CS585/DS503: Big Data Management

CS585/DS503: Big Data Management

Syllabus. Readings.
Grading.
Projects.
Topics + Schedule. Additional Resources.


Course Site

         http://web.cs.wpi.edu/~cs585/s19

Class Meetings

         Semester: Spring 2019
         Room: Fuller Labs 320 (NEW)
         Date/Time: Mondays at 6:00pm - 8:50pm.
     

Professor:
          Prof. E. Rundensteiner
         Location: FULLER LABS 135
         Email address: rundenst (at) wpi.edu  
         Office Hours:: Mon right after class (See CANVAS)   
         Contacting Me:  If you email me, do make sure to use "CS585" in the subject line.
         I will NOT be able to respond to your inquiry otherwise.


Graduate Assistants:
        TA and Office Hours: See CANVAS.    
         Office Hour Location: Data Science Innovation Lab (AK013) in Atwater Kent (basement level).

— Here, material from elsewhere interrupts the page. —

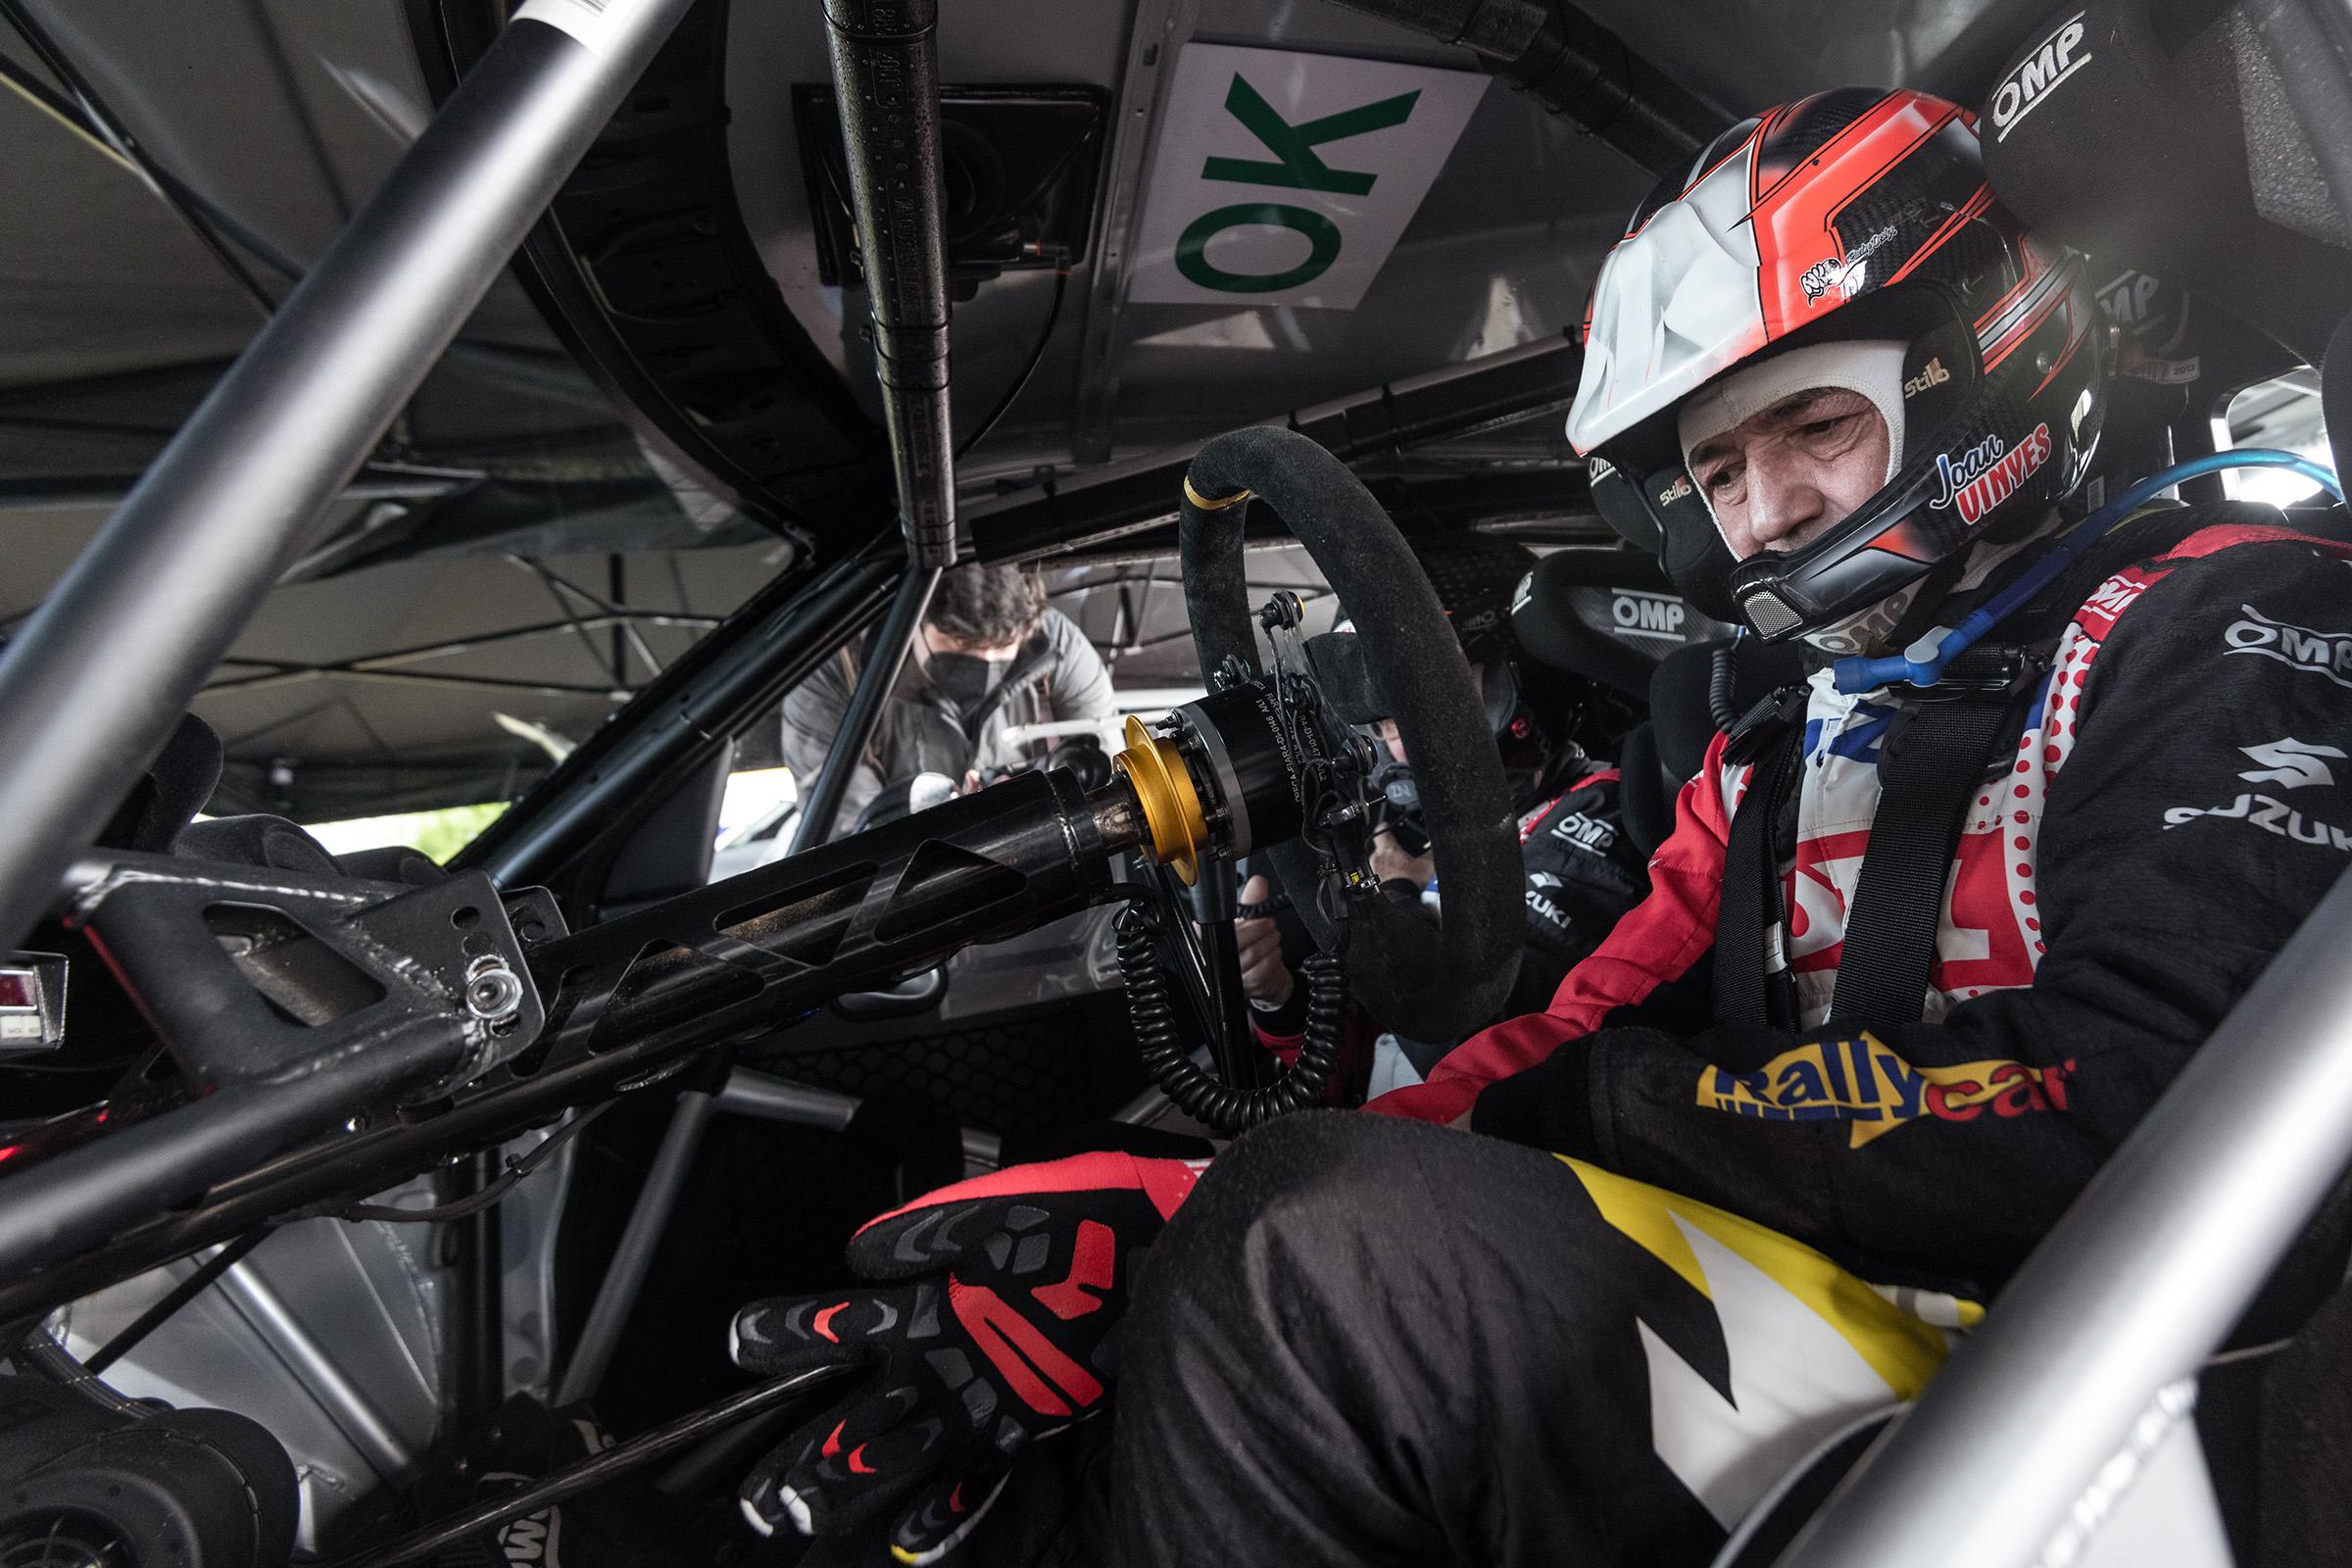 Vinyes - Mercader (Suzuki Swift R4lly S) començaran a competir a Còrdova.

Course Overview (Catalog Info)
Emerging applications from science, engineering, business to leasure generate and collect data at unprecedented speed, scale, and complexity that need to be managed and analyzed efficiently. This course is designed to introduce students to the emerging techniques and infrastructures developed for big data management. It is for students interested in understanding the ins and outs of big database systems, those interested in getting a solid foundation in the general area of data-intensive processing, those dealing with large-scale data management and analysis in the broader sense, or are interested in database and information systems research and in conducting an MS thesis or a dissertation in a data related topic. Topics covered include but are not limited to distributed database systems, MapReduce infrastructure, Spark, HBase, NoSQL Databases, and cloud-based computing. Query processing, optimization, access methods, storage layouts, and scalable analytics techniques developed on these infrastructures may be covered. Students are expected to engage in hands-on projects using one or more of these technologies.


Course Objectives
Objectives of this course include:
   1-  Learn about state-of-art techniques in data management systems that you can apply to your future research and practical work.
   2-  Practice how to read, review and present technical papers known to be an essential skill for professionals.
   3-  Work on hands-on projects with different big data infrastructures.


Coursework
The course is organized as series of seminars presented by the instructor and students. The instructor will present lectures covering the state-of-art techniques in various topics. Students, typically in teams, will also present papers on a relevant big data topics. Students, again in teams, will work on several course projects. A project typically involves implementing some of the techniques covered in class, modifying and extending these techniques, or performing a comparative study between alternative techniques. However, projects do not not have to be limited to the covered material. Instead, the student is invited to be creative about exploring new innovative big data technologies. A good project may result in writing a publishable paper.


Prerequisites

Students are expected to have strong background and knowledge of relational database management systems. Prior courses in databases, e.g., CS542, CS4432, or equivalent courses, are strongly recommended. Also students are expected to have strong skills in programming with languages such as Java or C++.

 
WPI E-System
In addition to this website, the course is also available at canvas.wpi.edu. Grades, assignments and lecture-slide decks will be in CANVAS.


Discussion Board
Please use the discussion board at canvas.wpi.edu for course-related discussion and exchange of emails. In addition, in rare cases, the instructor may contact you via email.